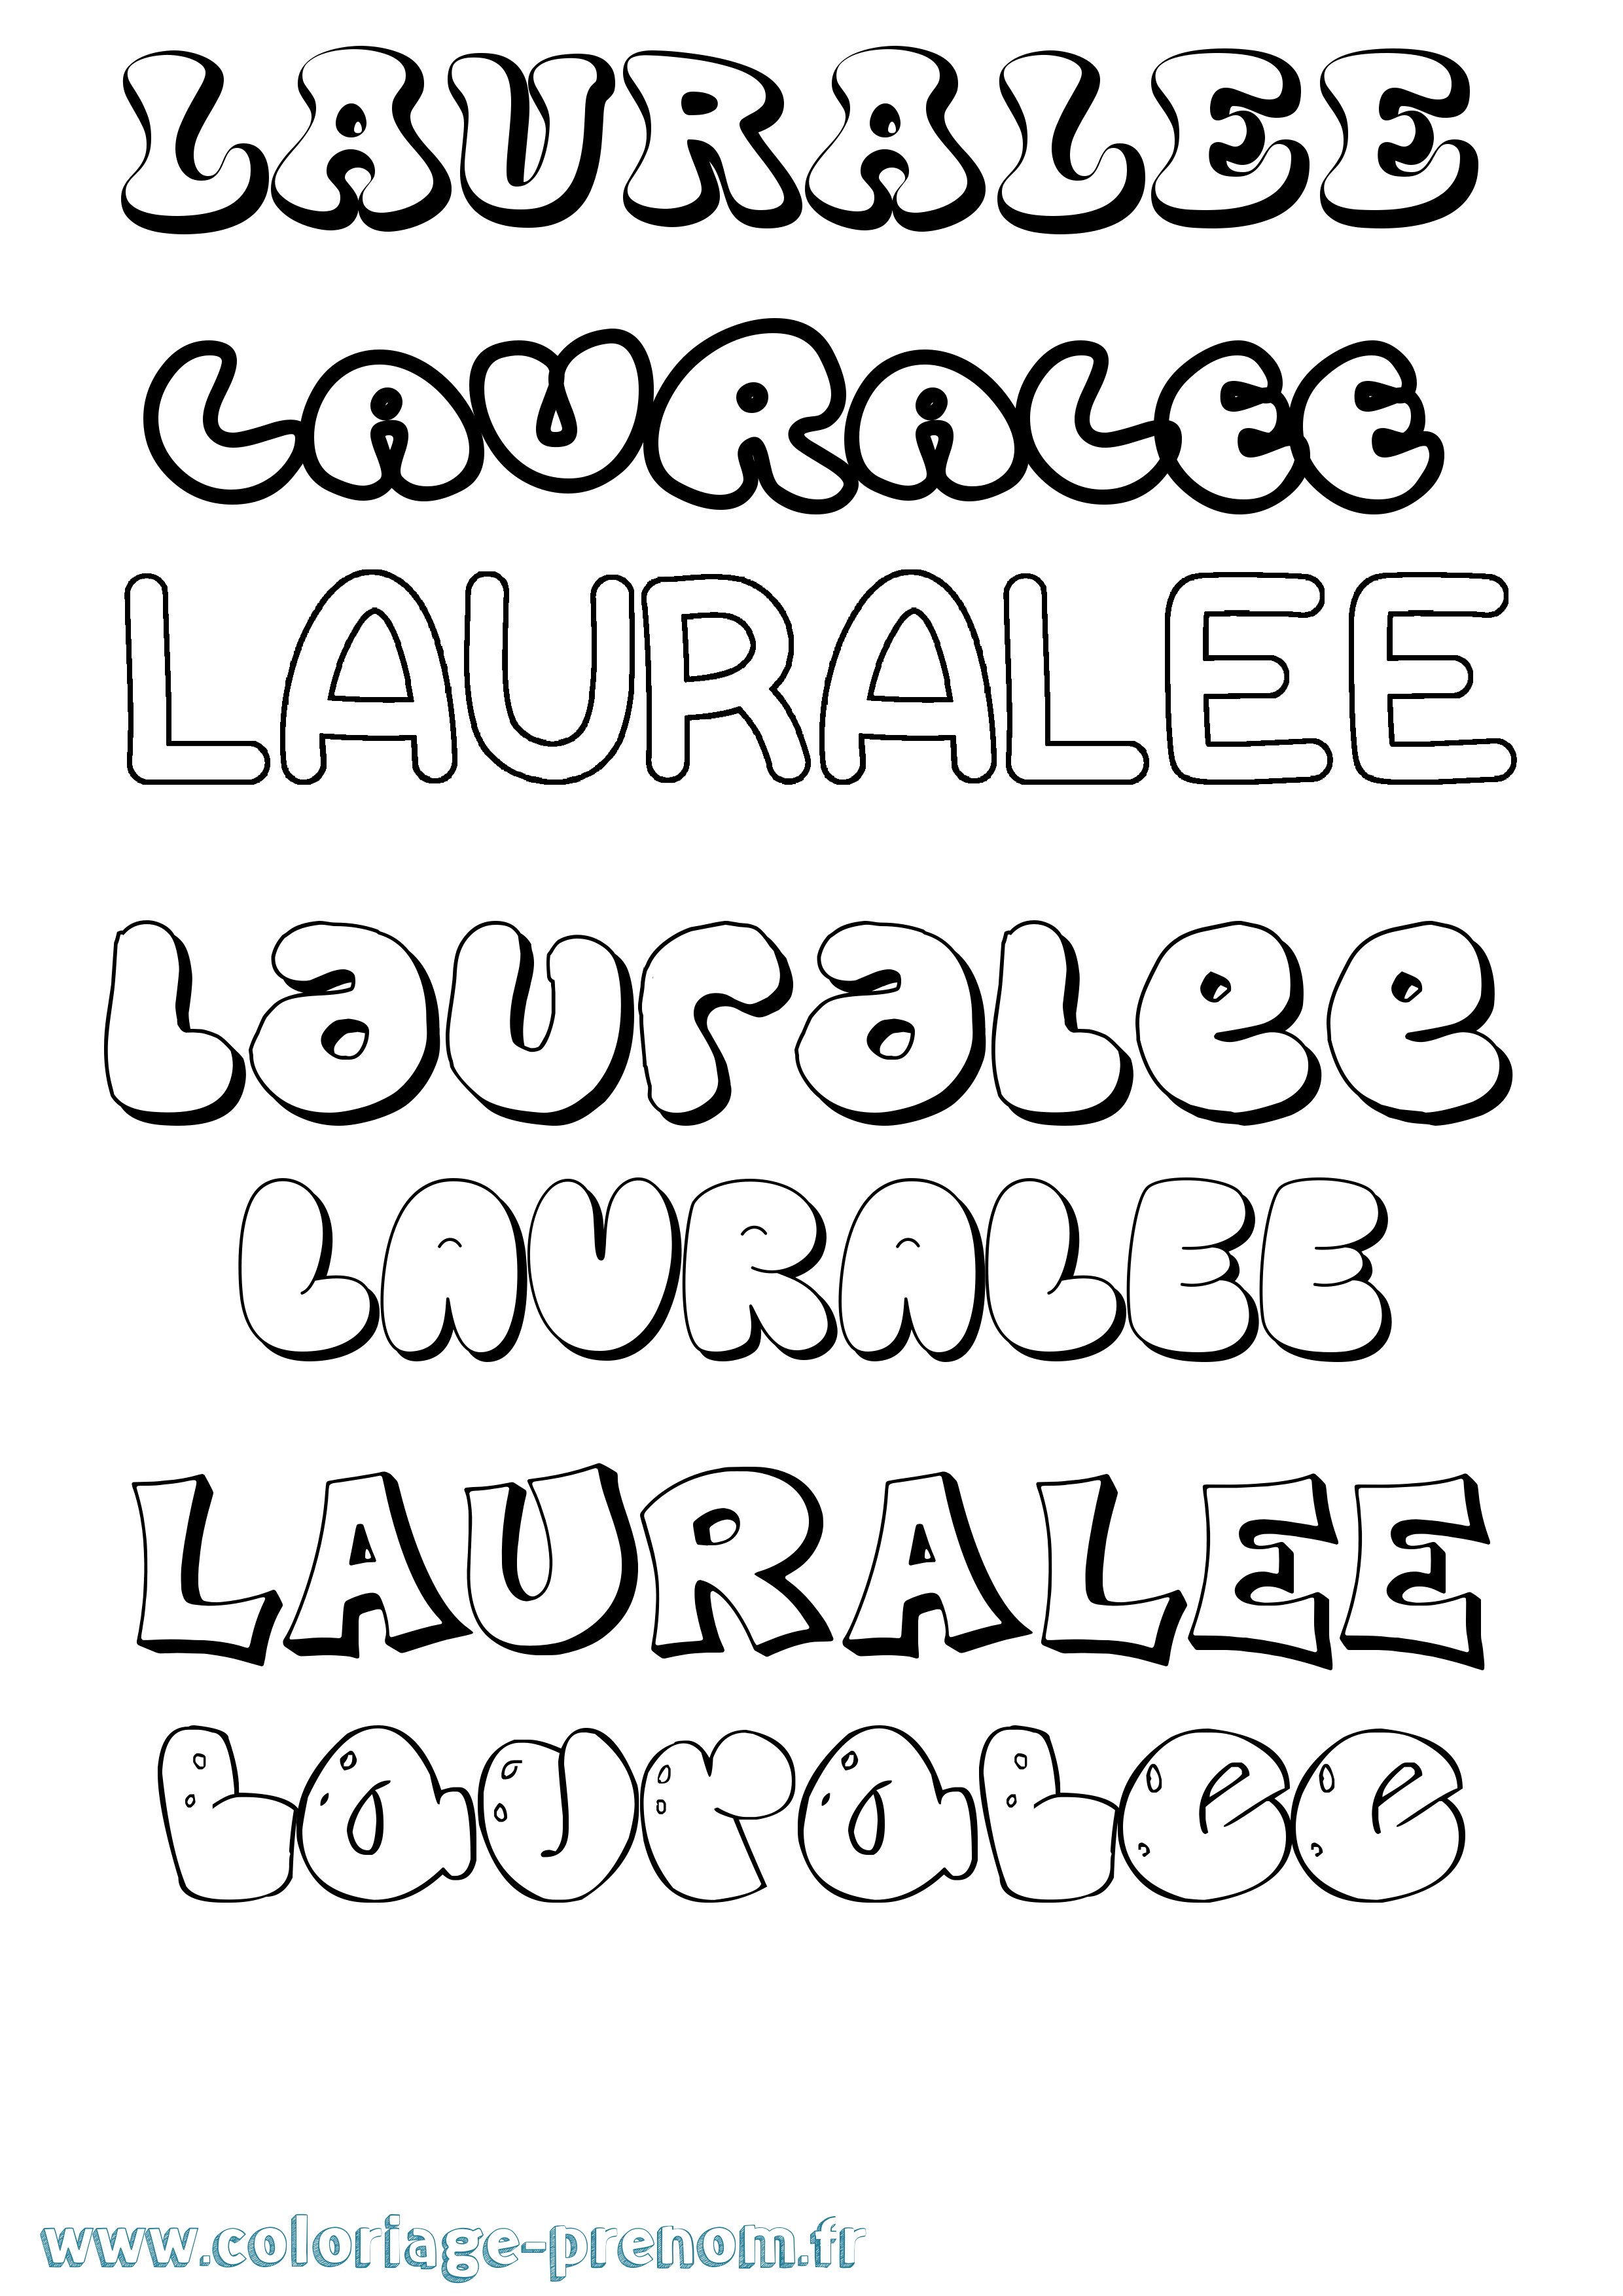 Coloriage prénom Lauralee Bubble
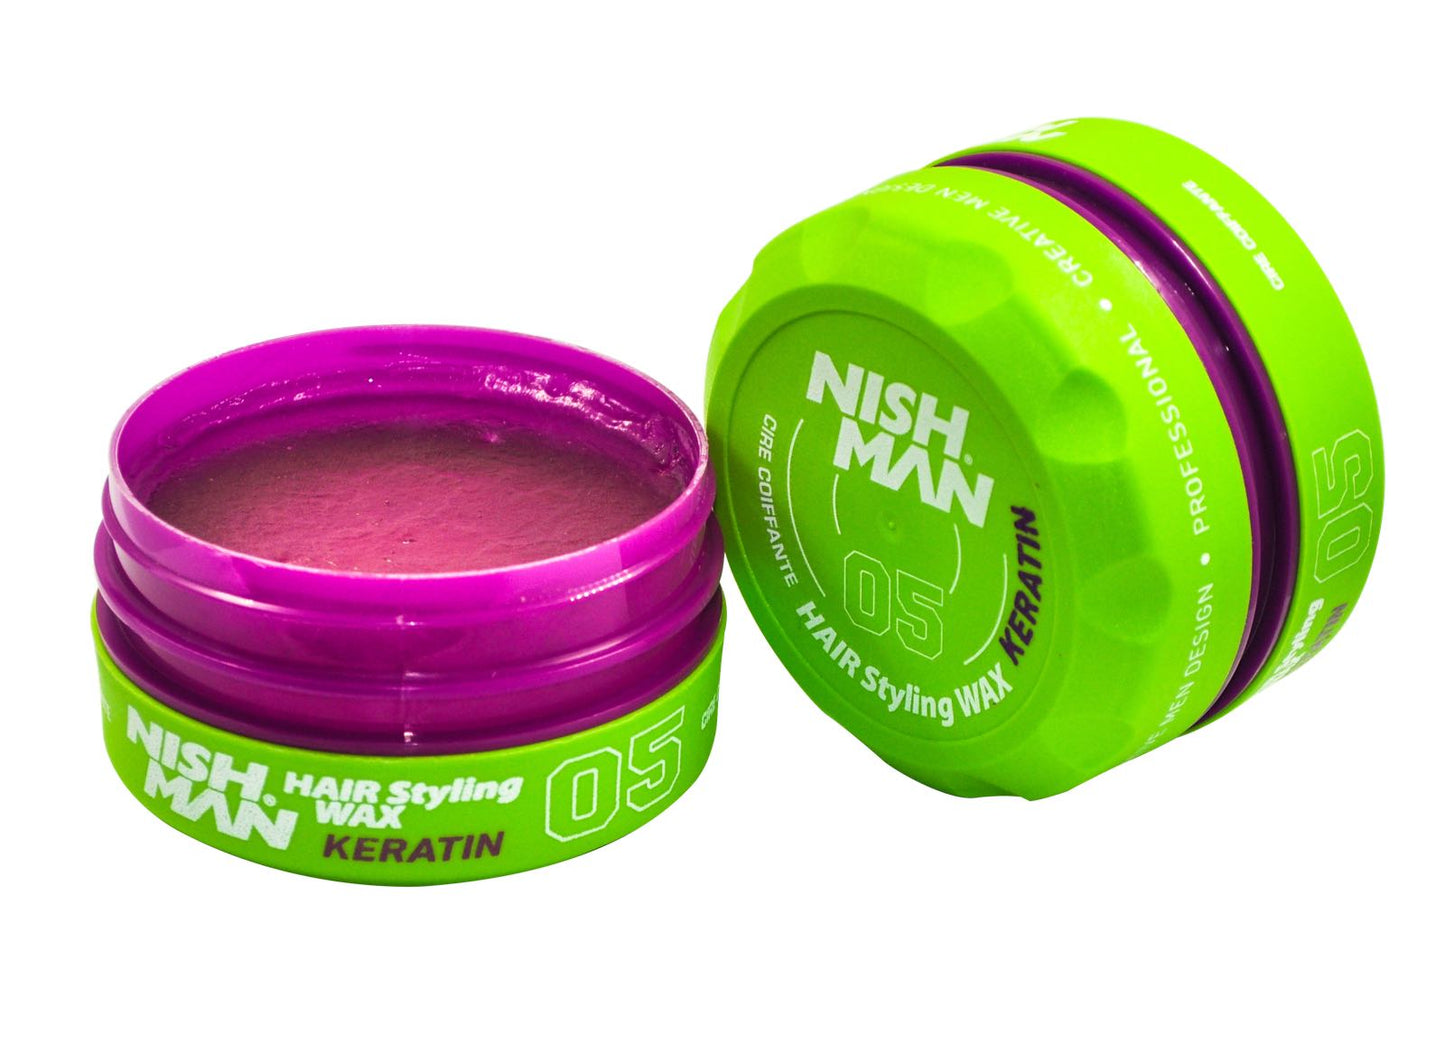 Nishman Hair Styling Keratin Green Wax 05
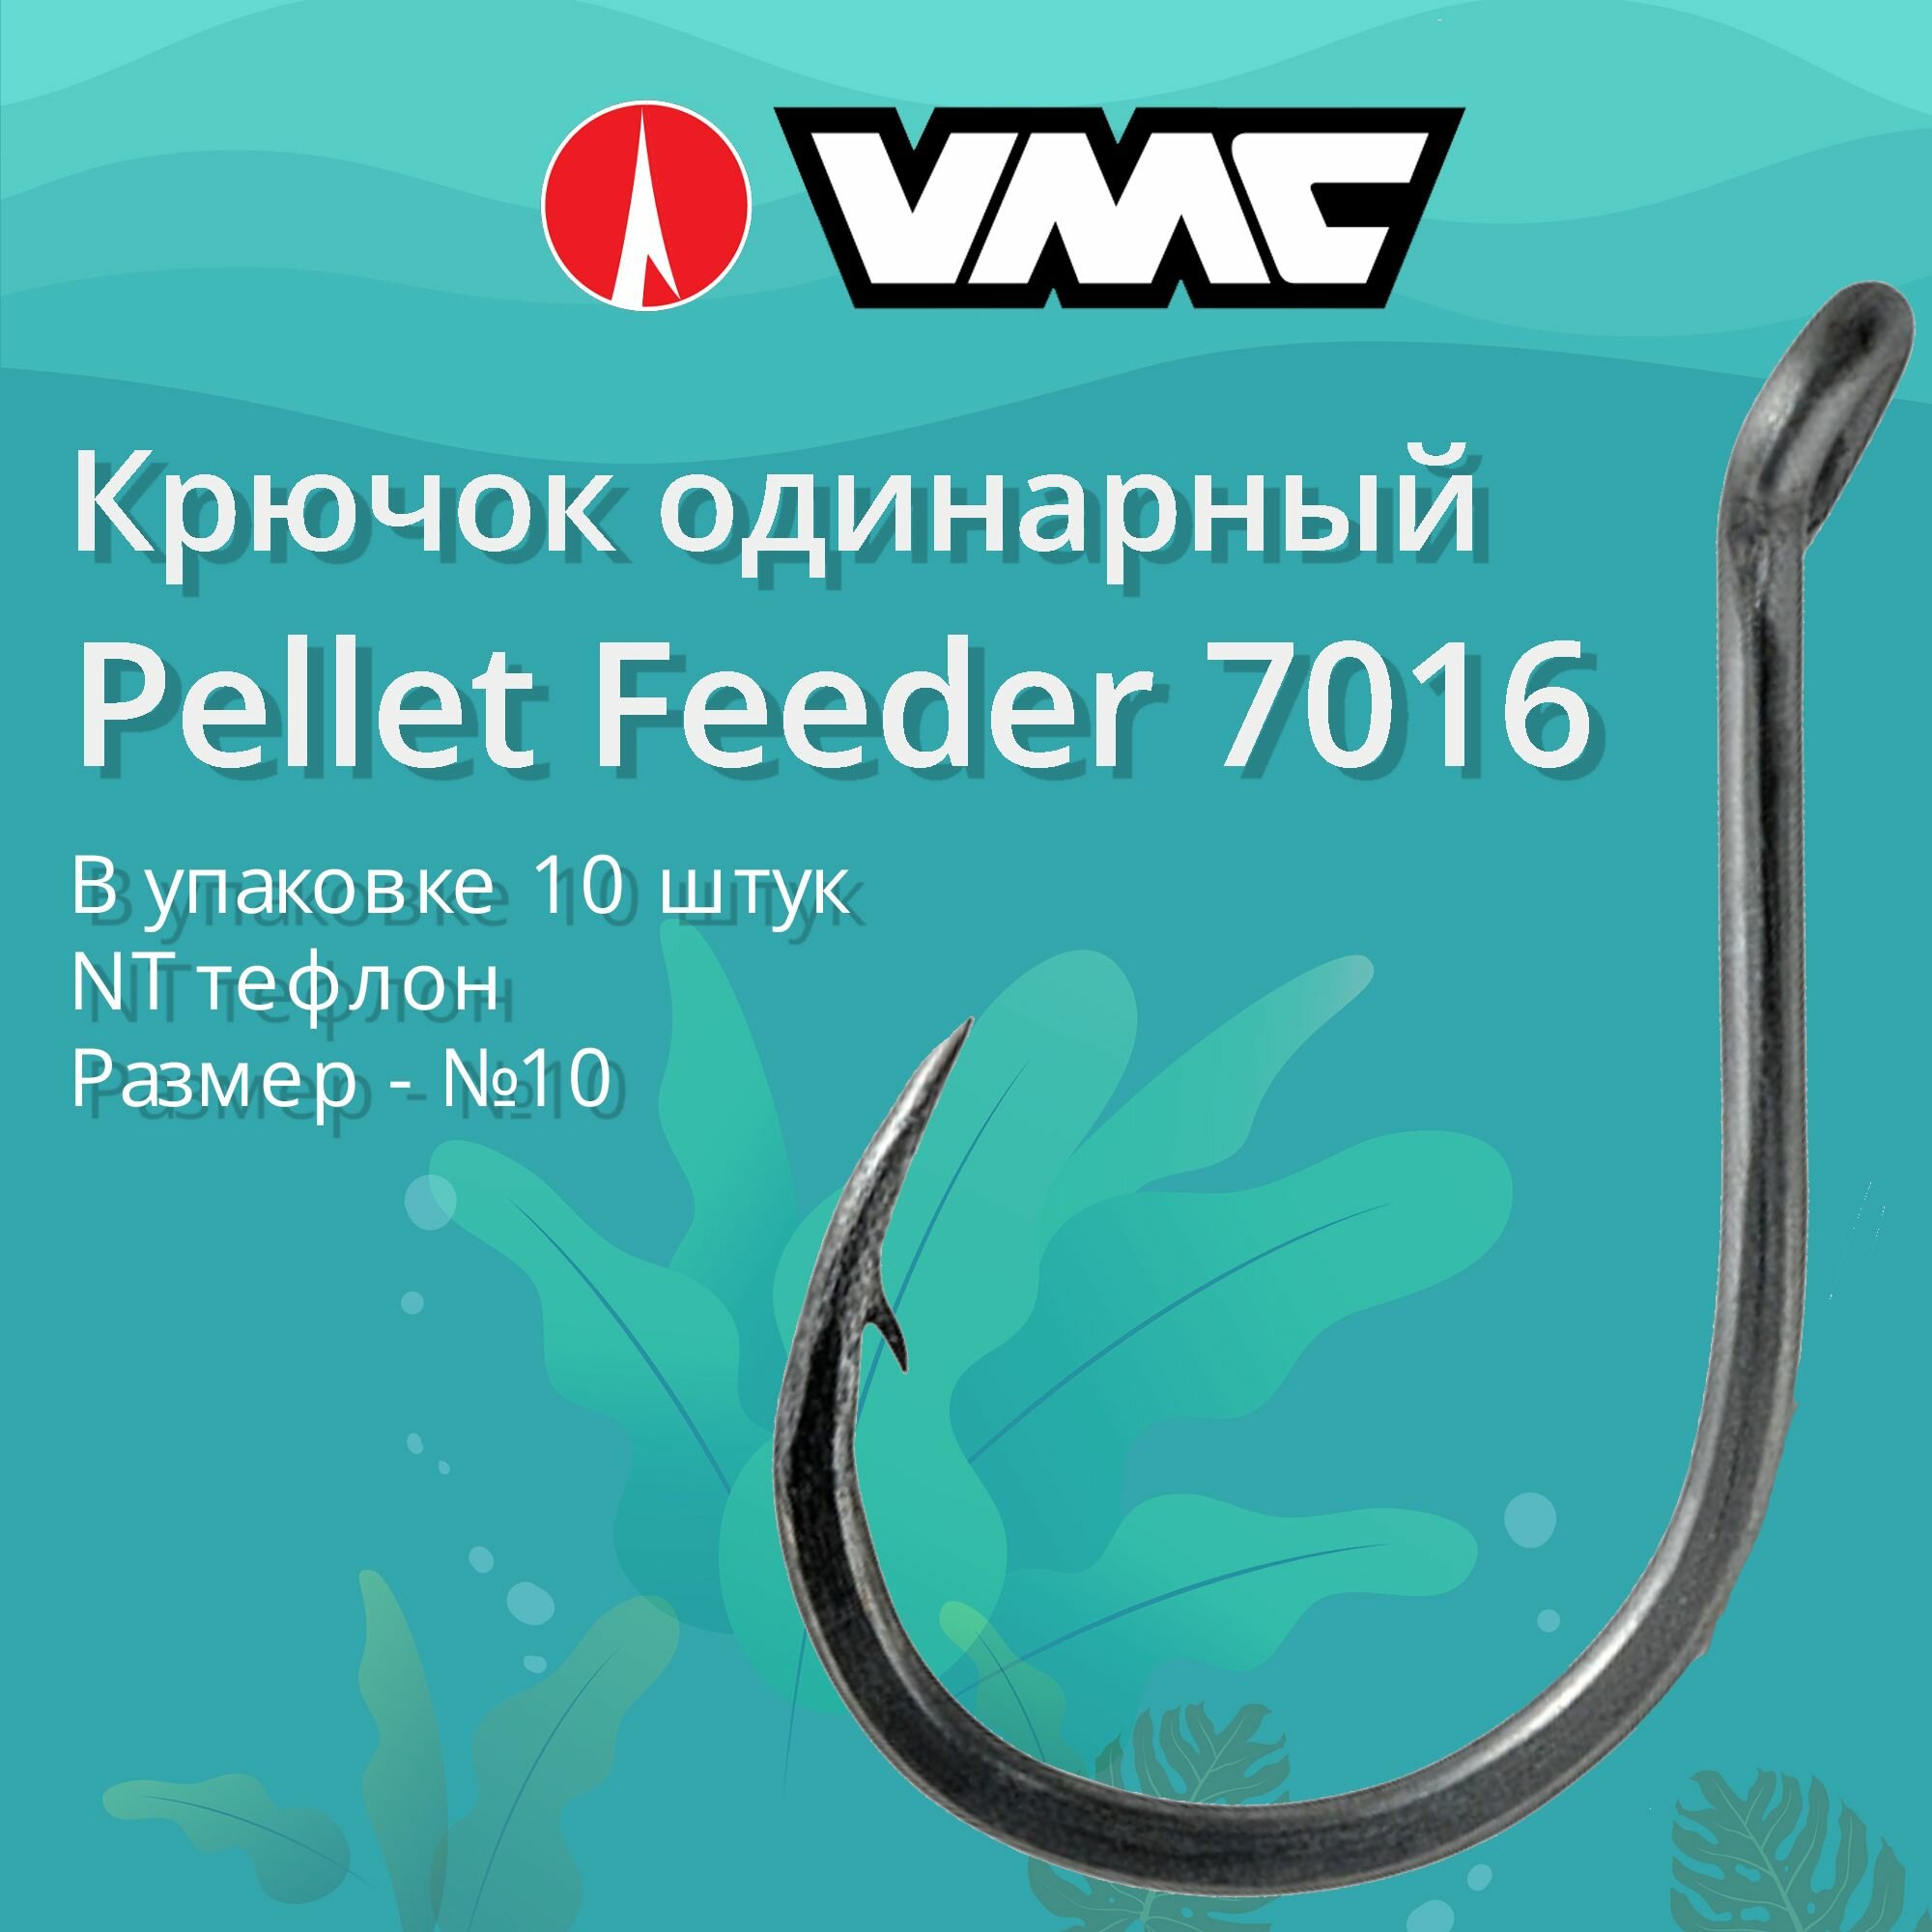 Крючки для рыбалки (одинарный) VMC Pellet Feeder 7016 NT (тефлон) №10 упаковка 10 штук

What you will do.
Omitting all pictures, retype exactly the lines from the line containing "Nishman Hair Styling Keratin Green Wax 05" down to the last line above, both ends included.

Solution to this task.
 Nishman Hair Styling Keratin Green Wax 05
 Крючки для рыбалки (одинарный) VMC Pellet Feeder 7016 NT (тефлон) №10 упаковка 10 штук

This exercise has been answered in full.